Rund eine Stunde später gab es ein kurzes schriftliches Statement von ihm: "Die auf Chefverhandler-Ebene zuletzt unterbrochenen Gesprächen mit der Österreichischen Volkspartei zur Bildung einer Bundesregierung werden ehebaldigst fortgesetzt", hieß es darin nur. Das sei nach einem Telefonat mit Stocker vereinbart worden.
Der bestätigte die Fortführung der Gespräche nur wenige Minuten fast wortident in einem Posting auf X, schoss später hinterher: "Verantwortung ist ein zentraler Grundwert der Volkspartei, der unser Handeln auch in fordernden Zeiten leitet."
Die Verhandlungen dürften also schon am heutigen Freitag wieder aufgenommen werden. Die Frage, wer Innen- und Finanzministerium bekommt, bleibt spannend. Bei einer neuerlichen Zusammenkunft der Sechserrunde muss nicht nur ein Kompromiss, was die Ressortverteilung betrifft, her, sondern auch die Knackpunkte kommen jetzt auf den Tisch.
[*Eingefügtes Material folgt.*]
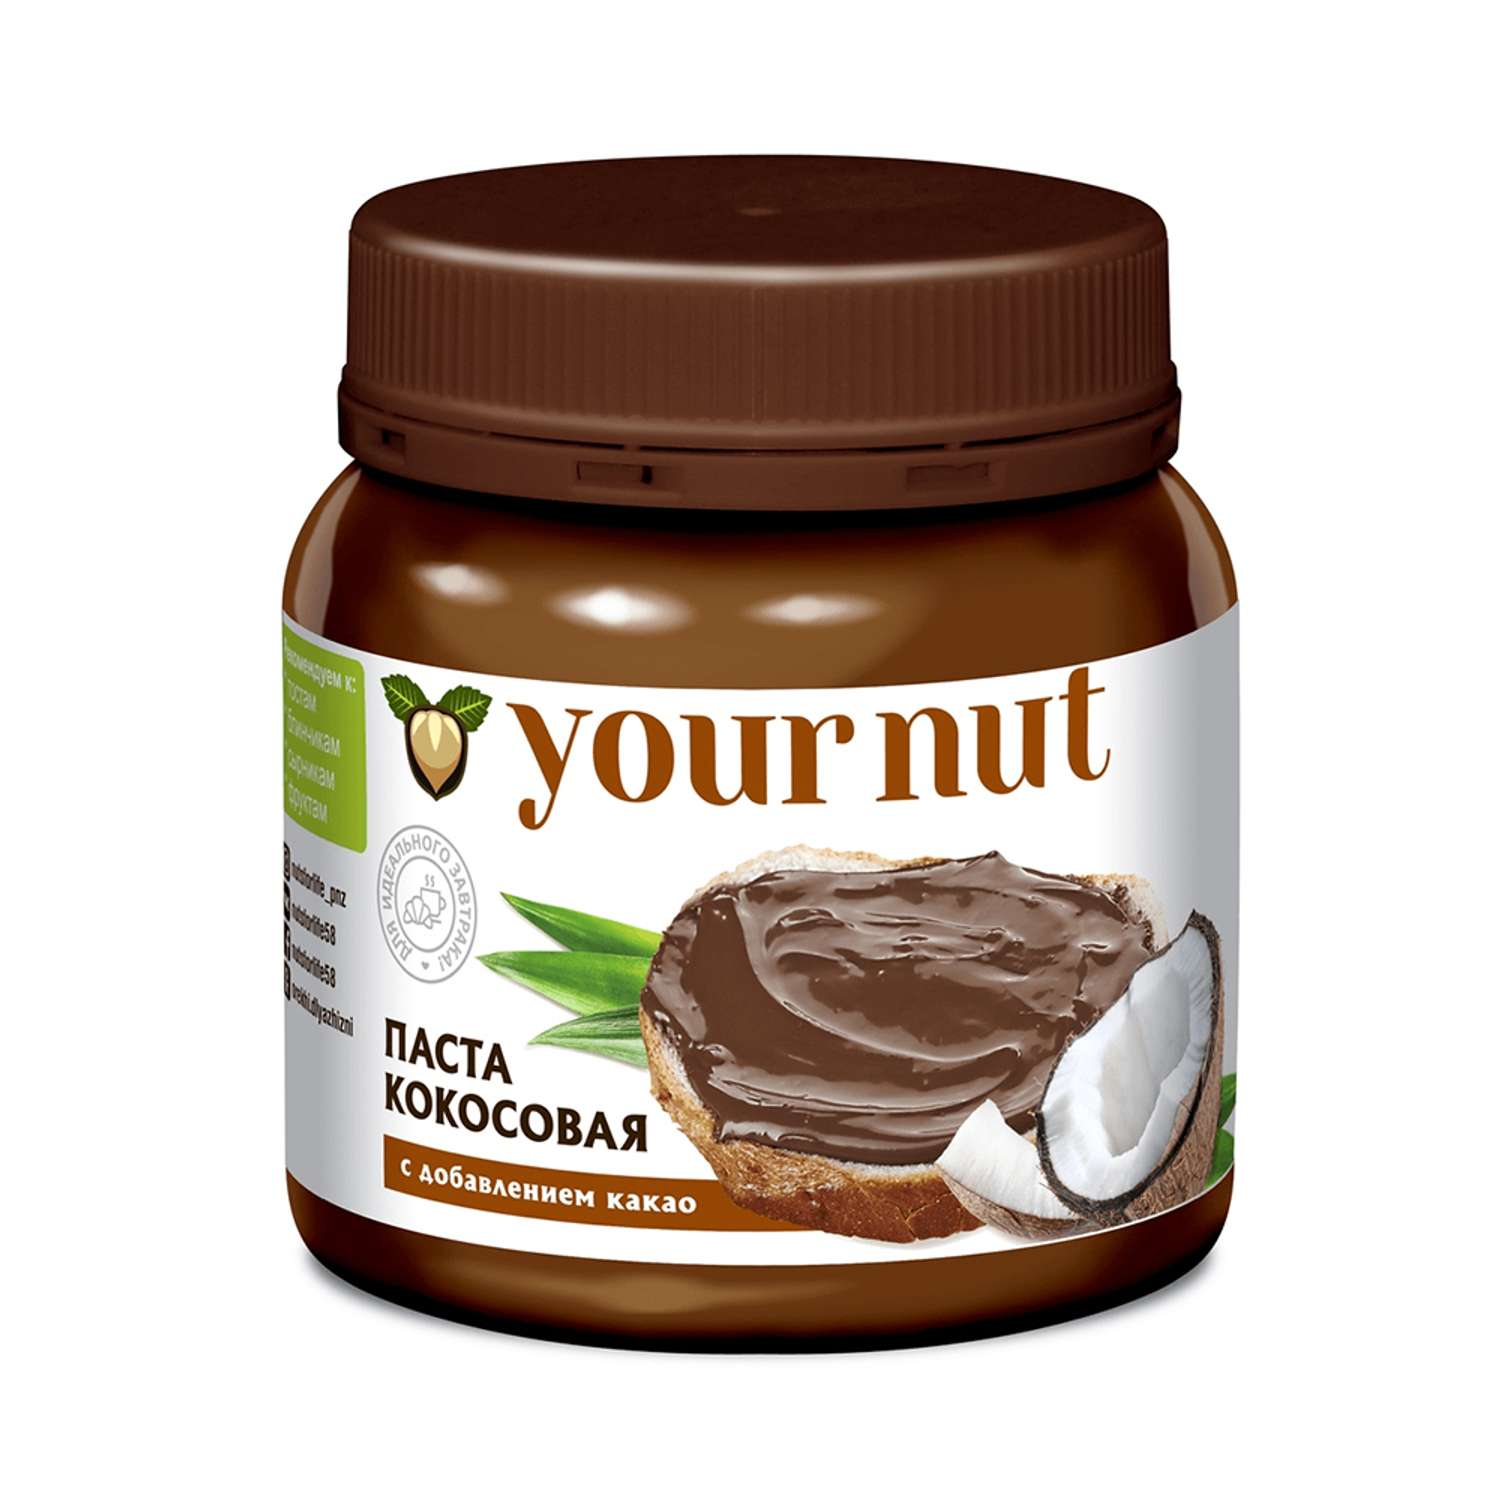 Паста кокосовая your nut с какао 250 г - фото 1

Wie "Heute" erfuhr, haben nämlich mittlerweile alle 13 Untergruppen ihre Gespräche beendet. In sehr vielen Bereichen ist man sich einig. Doch zentrale Punkte blieben für die Parteichefs Kickl und Stocker offen. So etwa die Frage nach einer Bankenabgabe, der steuerlichen Absetzbarkeit des Kirchenbeitrags oder wie die Corona-Pandemie aufgearbeitet werden soll.
Ein zentrales Anliegen der Freiheitlichen: die Abschaffung der ORF-Haushaltsabgabe. Schon 2026 wollen die Blauen die Rundfunkgebühr auf 10 Euro pro Monat reduzieren, im Jahr darauf komplett schleifen. Bei Skyshield ist man sich zuletzt schon weitestgehend einig geworden. Die ÖVP wiederum möchte "den Blick Österreichs auf die Welt" außer Streit stellen. Parteichef Christian Stocker verlangt, "dass wir uns unsere Partner in der freien, westlichen Welt suchen – und nicht in autoritären Regimen".
Indes meldeten sich Rot und Grün mit scharfer Kritik an Blau und Schwarz zu Wort: FPÖ und ÖVP seien sich schnell einig, wenn man die Bevölkerung zur Kasse bitten will, so SPÖ-Klubchef Philip Kucher. "Wenn es darum geht, Pensionisten auszusackeln und die Mittelschicht zur Kasse zu bitten, sind Kickl und Stocker schneller fertig als Marcel Hirscher in seinen besten Zeiten unterwegs war." Wenn es dagegen um Posten, Macht und eigene Ministerbüros gehe, würden die beiden Parteien tagelang streiten. "Das zeigt: Bei FPÖ und ÖVP geht es nur um Posten", so Kucher weiter, der von einem "unwürdigen Schauspiel" sprach.
Grünen-Chef Werner Kogler wiederum nahm Wirtschaftskammer-Präsident Harald Mahrer – einen der Chefverhandler der ÖVP – ins Visier. Der hatte zuletzt auch in "Heute" davor gewarnt, dass der internationale Ruf Österreichs bei Blau-Schwarz in Gefahr sei: "Sie haben es in der Hand, dass Österreich nicht zum Außenseiter in der EU wird", appellierte der Noch-Minister, die Verhandlungen mit Herbert Kickl und der FPÖ zu beenden.
In einem offenen Brief haben sich mehr als 1.000 Wissenschafter gegen eine Regierung unter Führung der FPÖ ausgesprochen. Diese würde Rechtsstaatlichkeit, Menschenrechte und Minderheitenschutz, Medienfreiheit, eine unabhängige Justiz und die Wissenschaft gefährden. Bei mehreren "Unterschriften" auf dem Protest-Brief handelt es sich allerdings deutlich erkennbar um Fake-Unterstützer.